• WHAT TO WORK ON:
Give again, unaltered, the line with "U.S. Air Force Capts." and all lines that follow it in the listing below, minus any pictures.

• DATASET SECTION:
[Start of section]

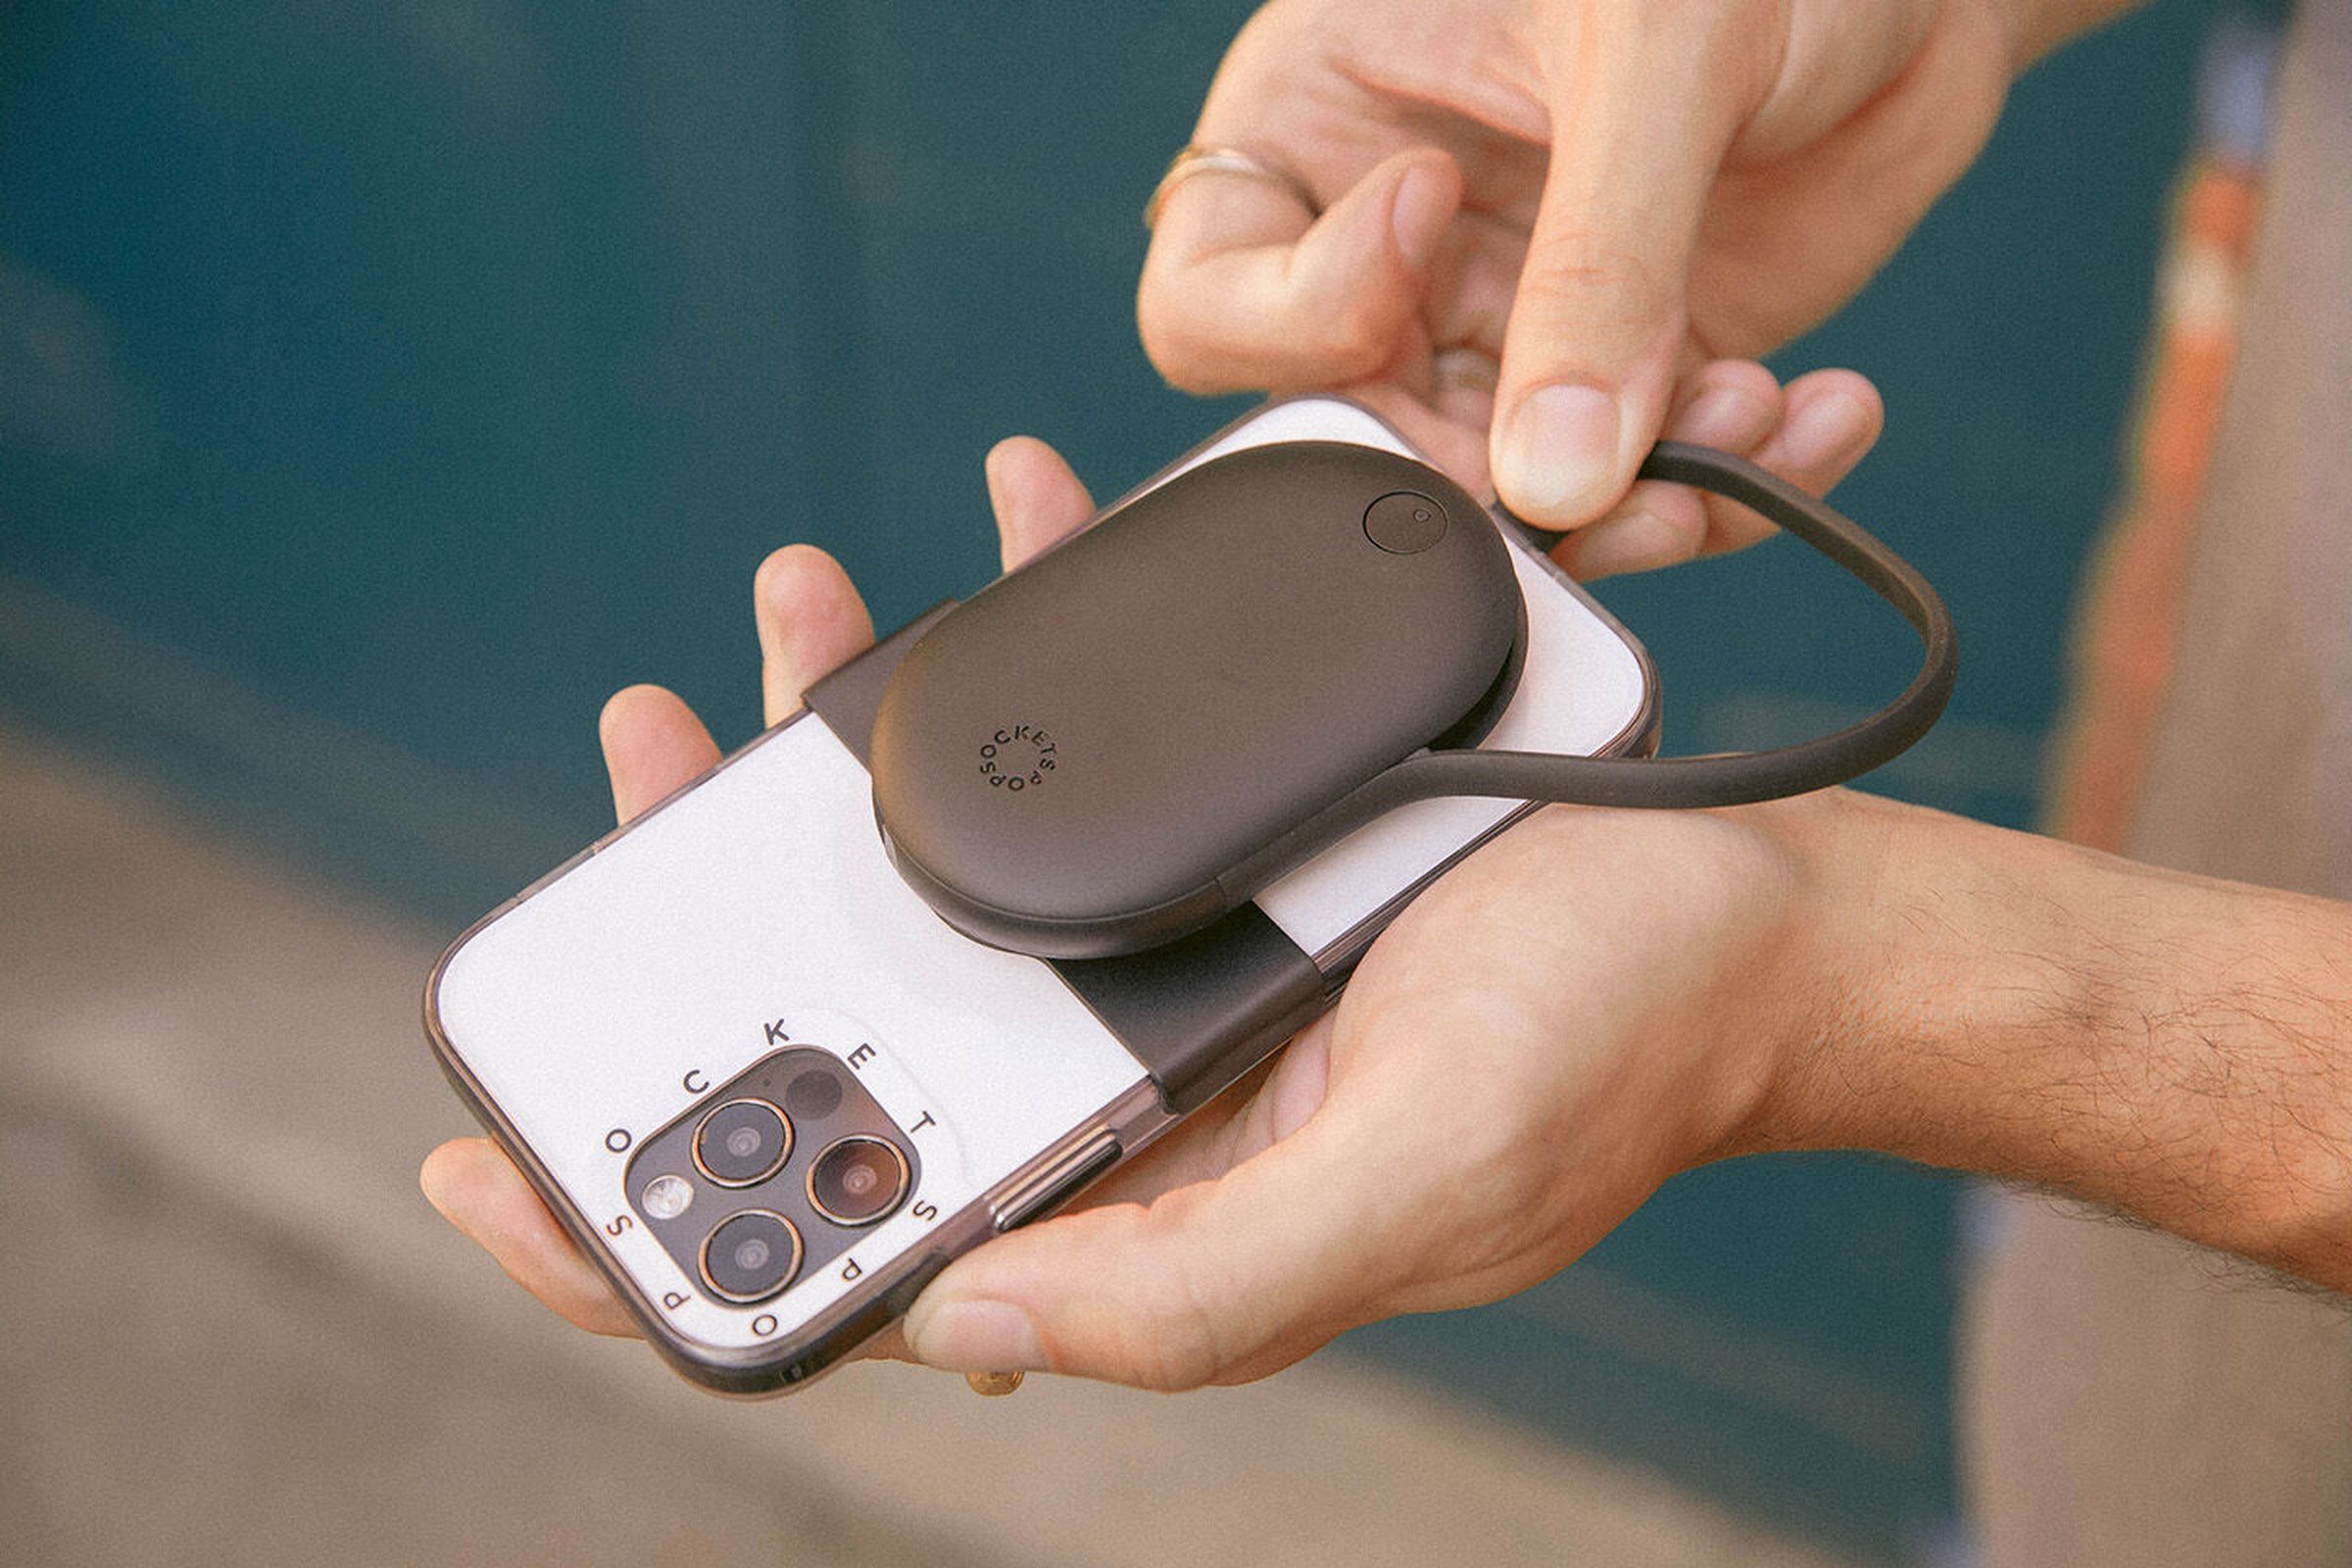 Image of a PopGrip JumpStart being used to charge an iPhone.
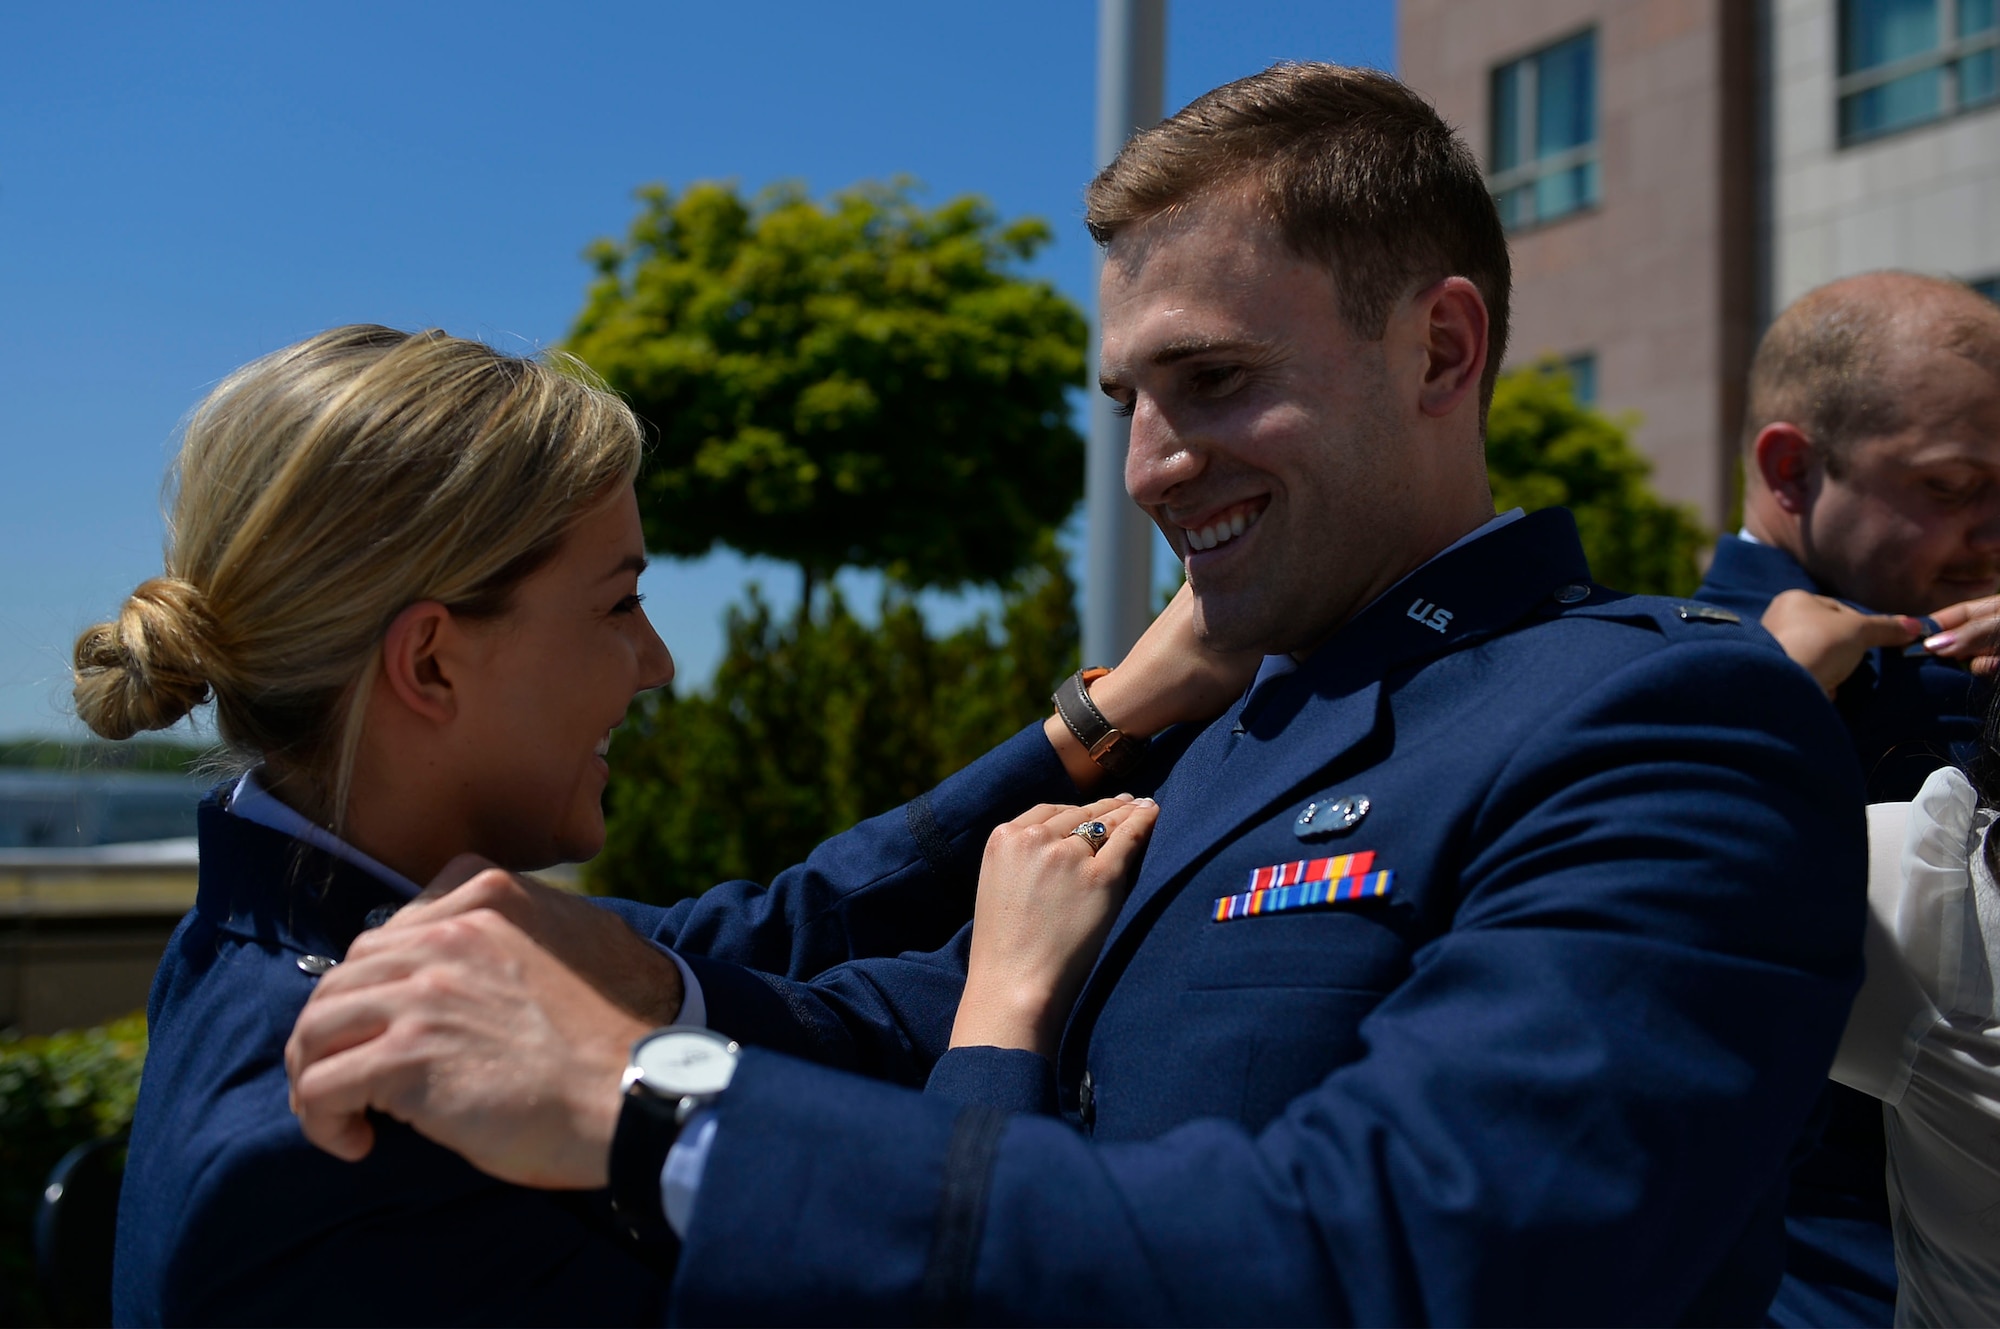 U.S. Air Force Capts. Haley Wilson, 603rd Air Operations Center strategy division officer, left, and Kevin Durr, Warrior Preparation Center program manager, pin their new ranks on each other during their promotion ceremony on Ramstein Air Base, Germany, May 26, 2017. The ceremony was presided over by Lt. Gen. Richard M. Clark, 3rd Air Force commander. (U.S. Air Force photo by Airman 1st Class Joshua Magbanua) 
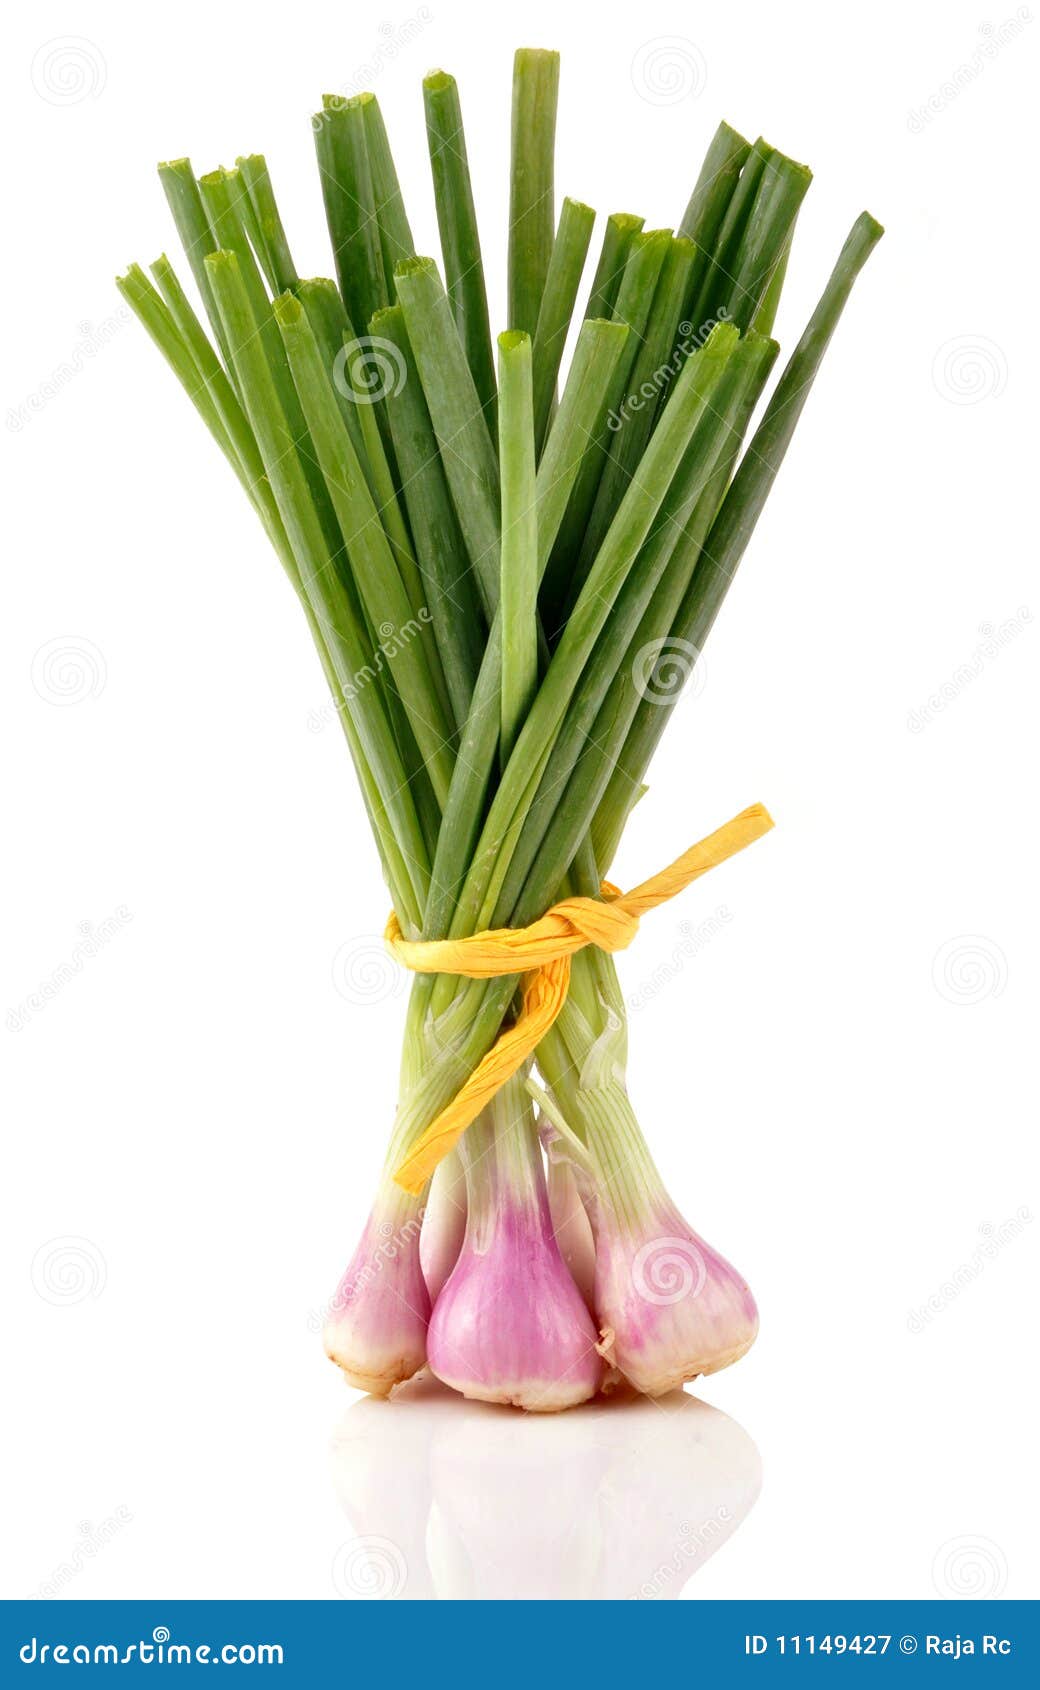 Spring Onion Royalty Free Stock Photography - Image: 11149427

[End of section]

• RESPONSE FOR THIS EXERCISE:
 U.S. Air Force Capts. Haley Wilson, 603rd Air Operations Center strategy division officer, left, and Kevin Durr, Warrior Preparation Center program manager, pin their new ranks on each other during their promotion ceremony on Ramstein Air Base, Germany, May 26, 2017. The ceremony was presided over by Lt. Gen. Richard M. Clark, 3rd Air Force commander. (U.S. Air Force photo by Airman 1st Class Joshua Magbanua) 
 Spring Onion Royalty Free Stock Photography - Image: 11149427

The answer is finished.